Regional legislative election in Russia

The 2026 Republic of Tuva head election took place on 18–20 September 2026, on common election day, to elect the Head of the Republic of Tuva, coinciding with the 2026 Russian legislative election. Incumbent Head Vladislav Khovalyg was re-elected for a second term in office.

==Background==
Sholban Kara-ool, who has served as Head of the Republic of Tuva since 2007, announced his resignation from office in April 2021, five month before his term would have expired.

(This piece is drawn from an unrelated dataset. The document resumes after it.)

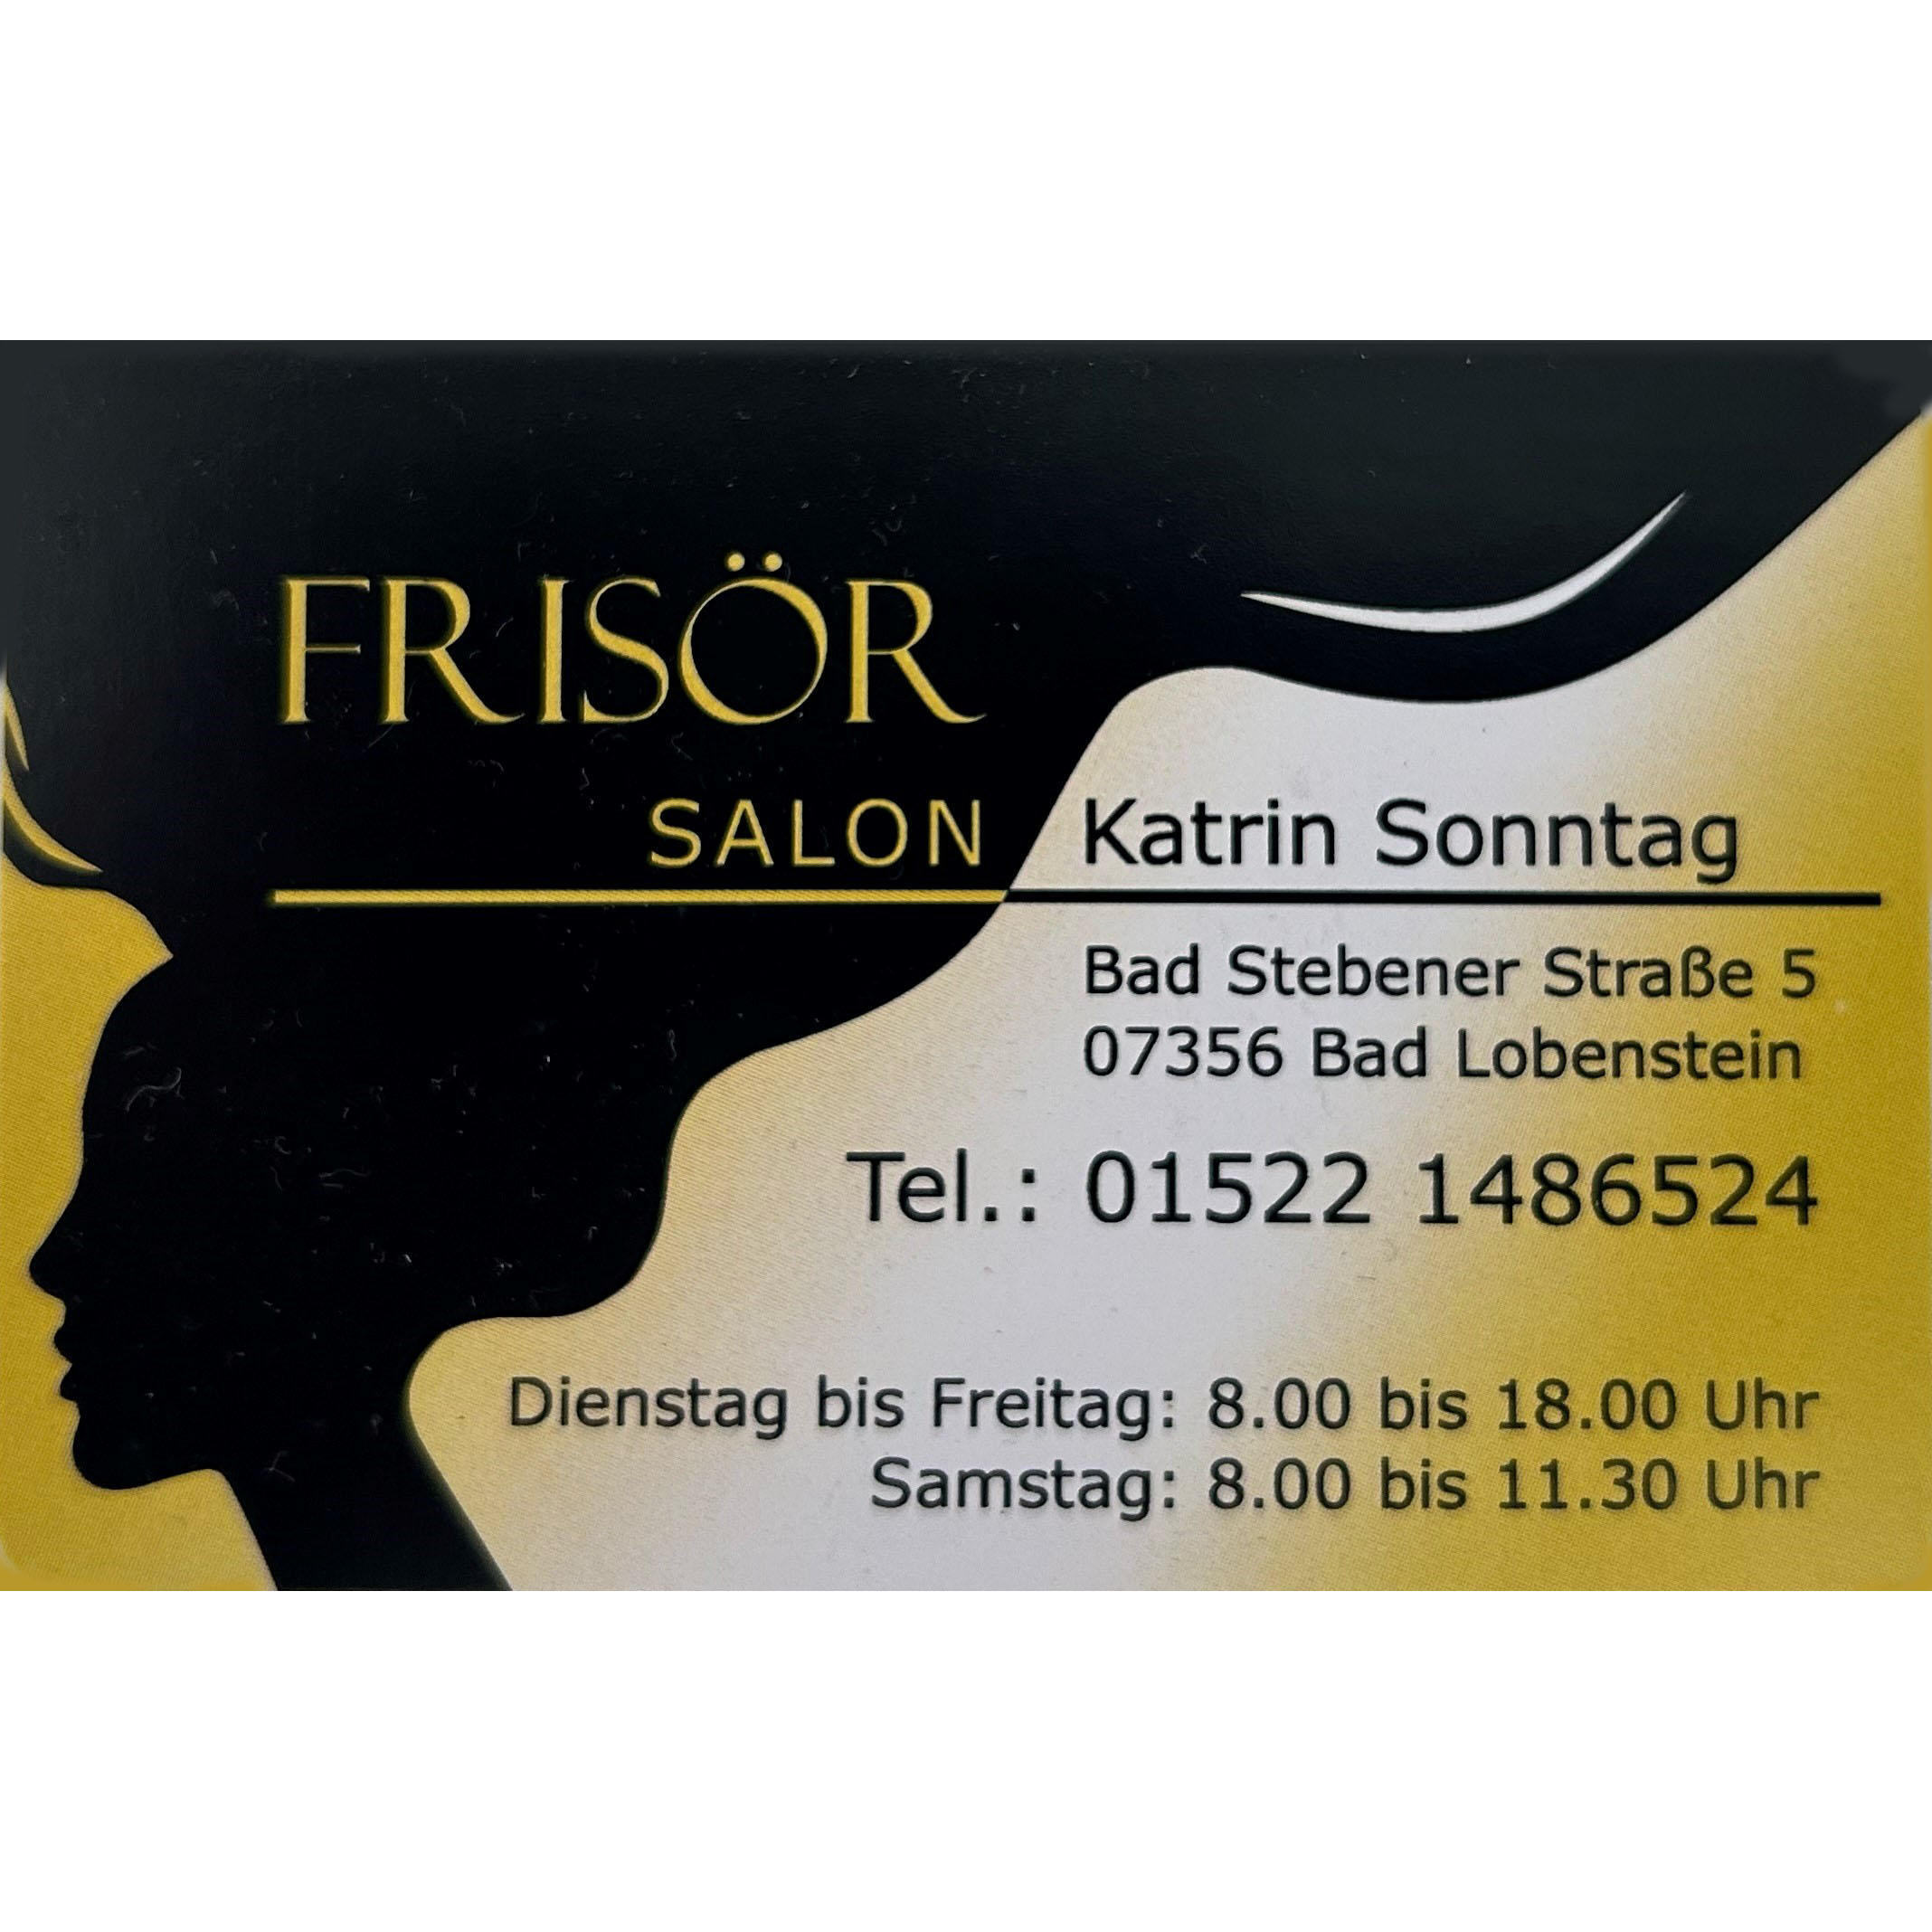 Friseur - Salon Katrin Sonntag in Bad Lobenstein - Logo

President of Russia Vladimir Putin accepted Kara-ool's resignation and appointed Vladislav Khovalyg, an energy executive and former Kyzyl mayor, as acting Head of the Republic of Tuva. Kara-ool's resignation was long expected due to his longevity in office, poor ratings and low economic base. Khovalyg easily won an election for a full term in September 2021, gaining 86.81% of the vote, as United Russia dominated Tuvan politics for decades. Meanwhile, Kara-ool was elected to the State Duma on the United Russia party list and became among the Duma's deputy chairmen.

During his first term Khovalyg prioritised new infrastructure projects in the impoverished republic, including the first railway line and lithium mining, however, the two projects are far from completion. Notably, Khovalyg broke from his predecessor Kara-ool, which was apparent during the 2024 Tuva Great Khural election when Kara-ool sparred with United Russia and governmental officials after his allies, including Senator Dina Oyun, were defeated in the primary. Federal authorities took Khovalyg's side and demanded Kara-ool to cease all hostilities. Khovalyg also allegedly drifted away from former Minister of Defense Sergey Shoigu, the highest ranking Tuvan in the Russian government, who enjoyed extreme popularity in the republic and exercised effective control over the region for decades; the rift was evident when Shoigu's closest confidant Ruslan Tsalikov was denied the appointment to the Federation Council and remained backbench member of the Great Khural of the Republic of Tuva until his arrest in March 2026.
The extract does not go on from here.